Mi abuela estaba concentrada en no escucharme. Intentaba desenmarañarse todavía de la palabra «Paradojópolis». Continué:

—Mira: Si un barbero afeita a todos los que no se afeitan a sí mismos. ¿Se afeita el barbero?
—Si no es sucio, sí.
—No. Si se afeita, está afeitando a alguien que se afeita a sí mismo y por tanto no es un barbero.
—Bueno, pues... no.
—No. Porque si no se afeita, no estaría afeitando a todos aquellos que no se afeitan a sí mismos. ¿Lo ves? Es una paradoja.
—¿¡Y a mí que me importa si se afeita o no se afeita!? Lo que quiero saber es para qué demonios necesitas mi dinero.
—Para montar una barbería en Ciudad Paradoja. LA barbería.
—Pero ¿cómo va a ser un buen negocio una barbería?

Suspiré.

Al otro lado de la calle, el furgón blindado frenó ridículamente. El guarda entró corriendo en el baño portátil de la esquina. Sonreí y crucé. Saque la navaja de barbero que siempre llevaba conmigo, mi amuleto. Atranqué con ella el pestillo del baño. Me subí al furgón y me lo traje a Ciudad Paradoja. Fantástico. Además de estar repleto de dinero, me sirvió para transportar material de obra.
Lo pinté a rayas rojas y blancas y, por si acaso, en un costado le pegué un cartel que decía: «Esta frase no es verdad». El policía que vino a husmear un día quedó tan perplejo al leerlo que se marchó hablando consigo mismo, sin recordar a qué había venido. Vivir en una ciudad en la que se toman estas cosas en serio tiene sus ventajas.
Y allí estaba ahora: tras semanas de pintura, amueblado y fontanería, todo estaba listo.

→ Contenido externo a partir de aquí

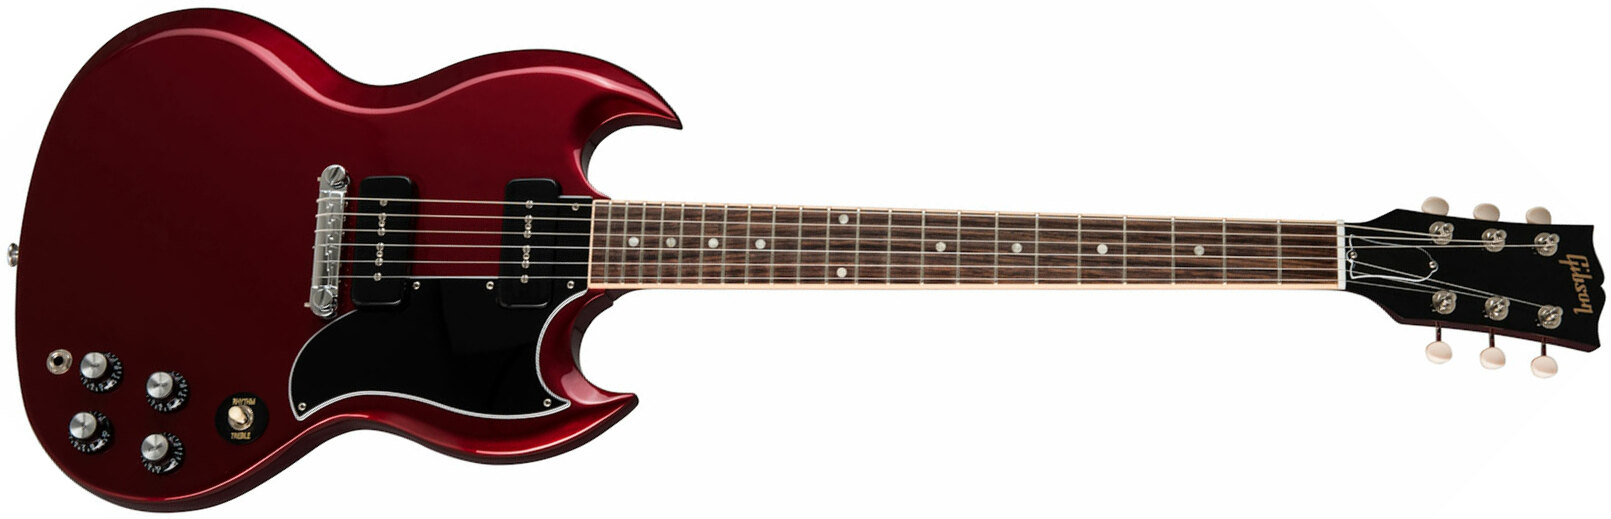 Gibson Sp Special Original 2p90 Ht Rw - Vintage Sparkling Burgundy - Retro-rock elektrische gitaar - Main picture
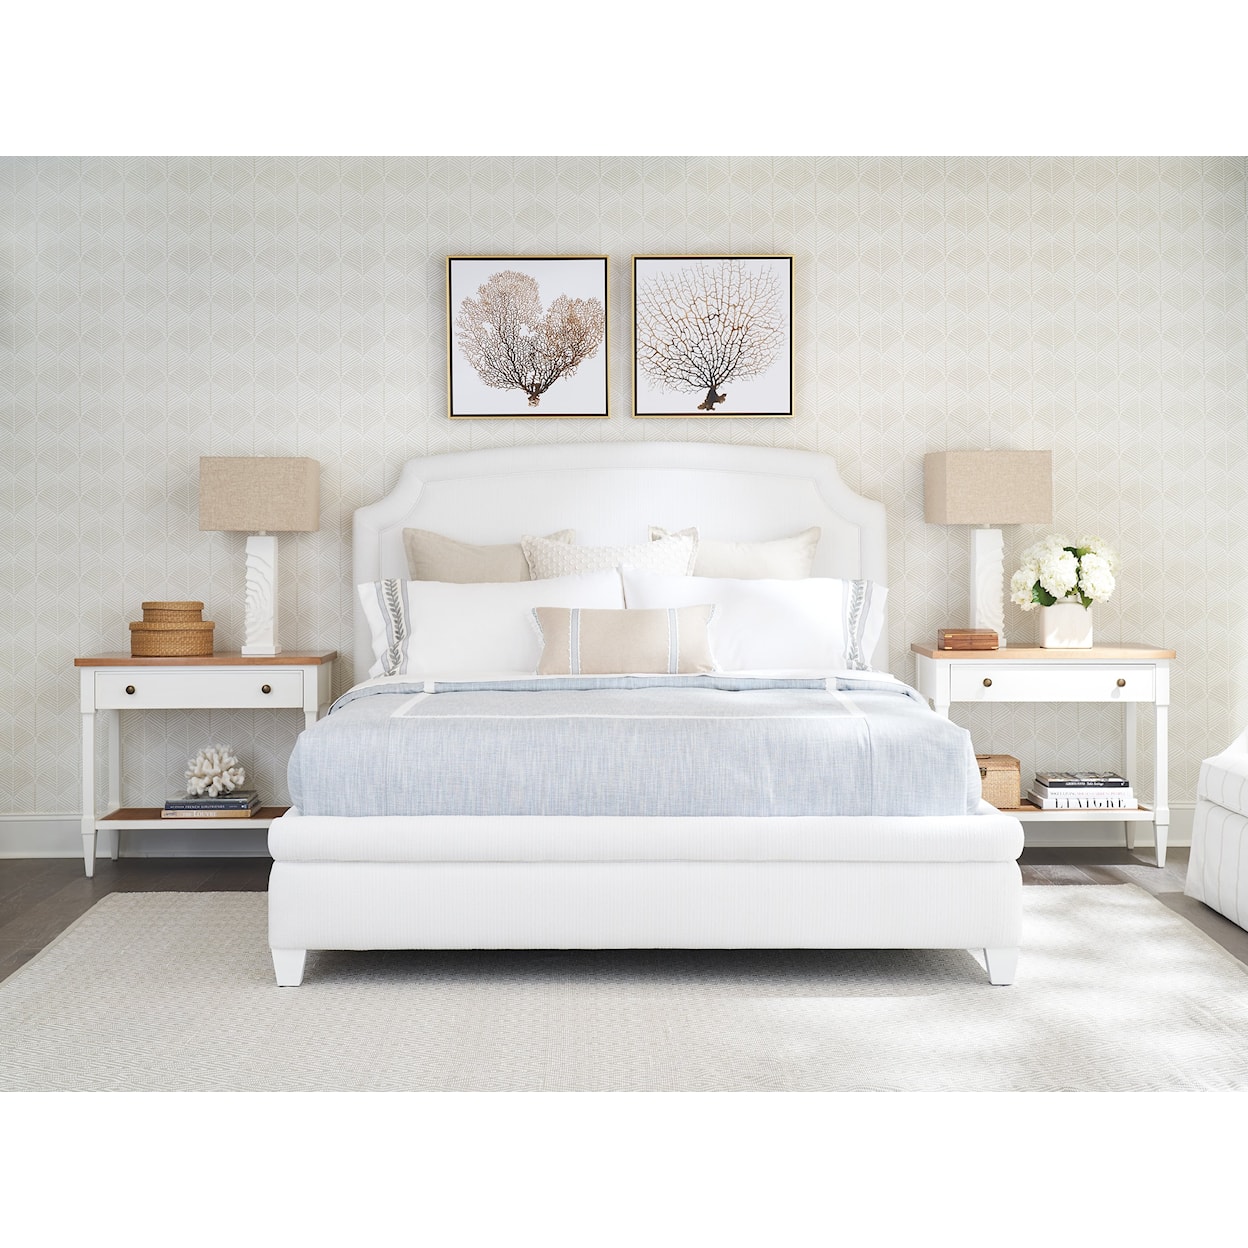 Barclay Butera Laguna King Bedroom Set with Upholstered Bed

Fuera giraba el poste de rigor y el rotulo de Barbería derrochaba ingenio con su letra B en forma de tijeras.
Dentro, las paredes estaban tapizadas con imágenes de barbas lustrosas y afeitados perfectos, reflejadas hasta el infinito en espejos impolutos. No faltaban los sillones giratorios de cuero negro, las toallas calientes ni el olor dulzón y picante del after shave.

En mi mandil encontré todo lo necesario: peine, tijeras y mi navaja, mi amuleto. Palparla me dio seguridad. El reloj marcaba la hora de abrir. Respiré hondo y comencé a levantar la persiana metálica. Sus chirridos fueron recibidos con murmullos de expectación. Los pies que hacían cola empezaron a revolverse inquietos. A medida que la persiana subía, de los zapatos nacían tobillos envueltos en bajos de pantalón. Los tobillos crecían hasta convertirse en pantorrillas ¡por las que asomaban las primeras puntas de barba! Las cejas se me levantaron involuntariamente y tiré con más entusiasmo.

Al terminar de abrir deparé en una cola que daba la vuelta a la manzana. Barbas larguiruchas como pinceles de caligrafía, barbas enmarañadas como arbustos australianos, barbas blancas, barbas rojas, barbas negras y otras barbas de pirata. Solo faltaba barba azul. Ah, no. Estaba allí al fondo, junto la cabina telefónica.
Suspiré de satisfacción. Esas barbas ya no tenían nada que temer. Ciudad Paradoja podría volver a lucir sus rostros lampiños. Ahí estaba yo, por fin, para capitanear una barbería posible. Una en la que afeitar tranquilamente a todos aquellos que no se afeitaban a sí mismos. Y todo sin necesidad de afeitarme. Porque yo no necesitaba afeitarme.
Cuando me vieron, la sorpresa y la felicidad fueron unánimes: ¡Bravo! ¡Una barbera!